The cure proportion is an important and interesting measure of cancer patient survival. Many of the cure models used for population-based cancer survival today rely on finding a parametric distribution flexible enough to capture the shape of the survival function, which in some scenarios is difficult to do. We here present a flexible parametric cure model, which is an extension of the flexible parametric survival model. This new method gives similar results to the Weibull non-mixture cure model, when it is reliable, and better fit when the Weibull non-mixture cure model gives biased estimates. This is illustrated here for the oldest age group where the Weibull non-mixture model gives biased estimates, but the flexible parametric survival model fits the data well.
Since the flexible parametric cure model uses splines to model the underlying survival, it is important that the model is not overly sensitive to the location of the knots. We have investigated the sensitivity and the model seems to be fairly robust to the number and location of the knots, but some care needs be taken regarding the location of the last knot. The cure proportion is estimated from the cumulative excess hazard at the last knot, so it is important not to place the last knot too early, but preferably at the last observed death time or later. It is also good to make sure that the knots are distributed along the whole follow-up time, since the model needs to fit well at the end of the follow-up, even if most of the events are at the beginning.
The mixture and non-mixture cure models are sometimes used in situations when cure is not reached within the available follow-up time in the data. This can be done since the models estimate an asymptote for the relative survival function, but estimates of cure can be very sensitive to the parametric distribution chosen. We do not recommend extrapolation in this way when using the flexible parametric cure model since the point of cure has to be chosen. Even though the position of the last knot can be outside the data the cure point should be reached within the available follow-up time.
As with other cure models, the flexible parametric cure model will give an estimate of the cure proportion even when cure is not reasonable. It is therefore important to always compare results from cure models with standard methods for relative survival and to make sure that there seem to be a proportion of patients that are cured (see Figure 2). This is not a specific drawback for the flexible parametric cure model, but for cure models in general.

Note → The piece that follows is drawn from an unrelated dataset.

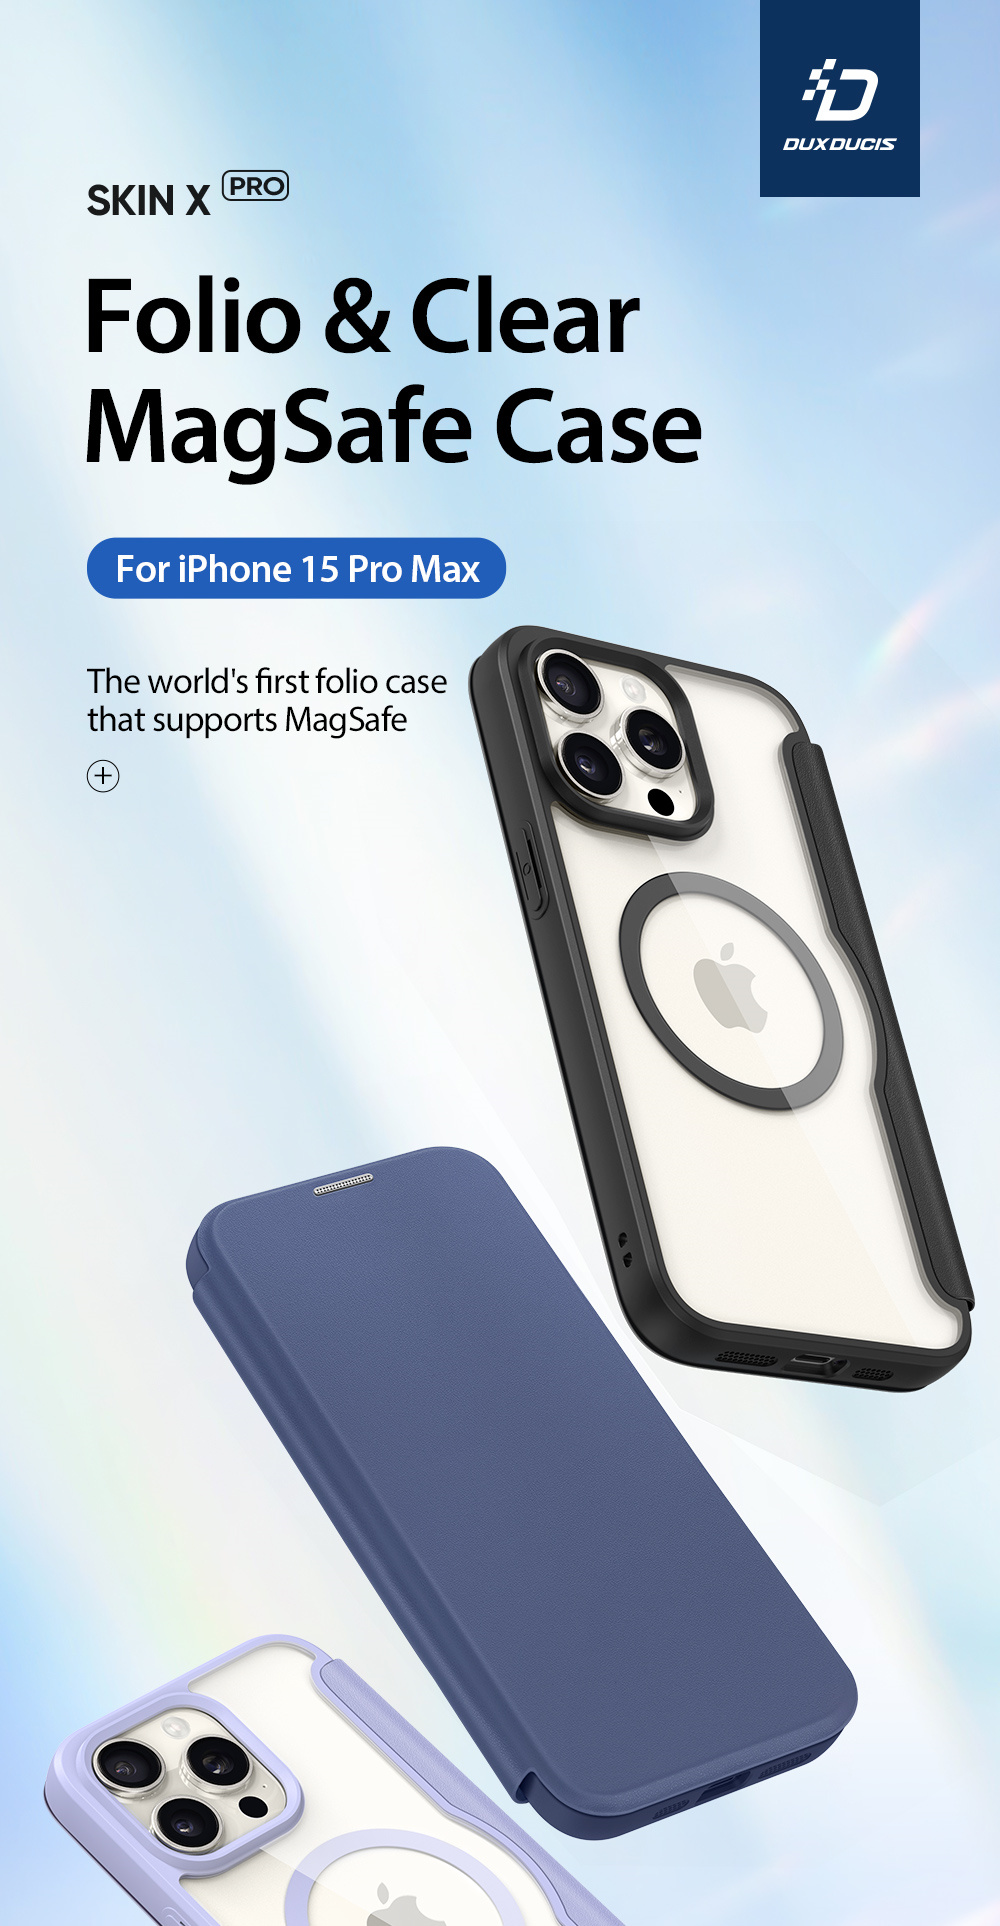 Bao Da Iphone 15 Pro Max Chinh Hang Dux Ducis Skin X Pro Ho Tro Magsafe Lung Trong Co Khay Cai The (1)

In contrast to the mixture and non-mixture cure model, it is for the flexible parametric cure model possible to informally test the assumption of a cure proportion since it is a restricted standard flexible parametric survival model. But these tests should be interpreted with some caution, since the comparison is based on the fit over the whole time-scale and not just towards the end where the cure proportion is estimated.
We have presented the flexible parametric cure model within a relative survival setting, since that is the method of choice for population-based studies. However, the flexible parametric survival model and the flexible parametric cure model can also be used for non-relative survival data. For example when cause of death is known and reliable, or when the background mortality is very low which is the case for childhood cancer.
To enable application of the method we have updated the Stata command for flexible parametric survival models , and added an option that will fitflexible parametric cure models.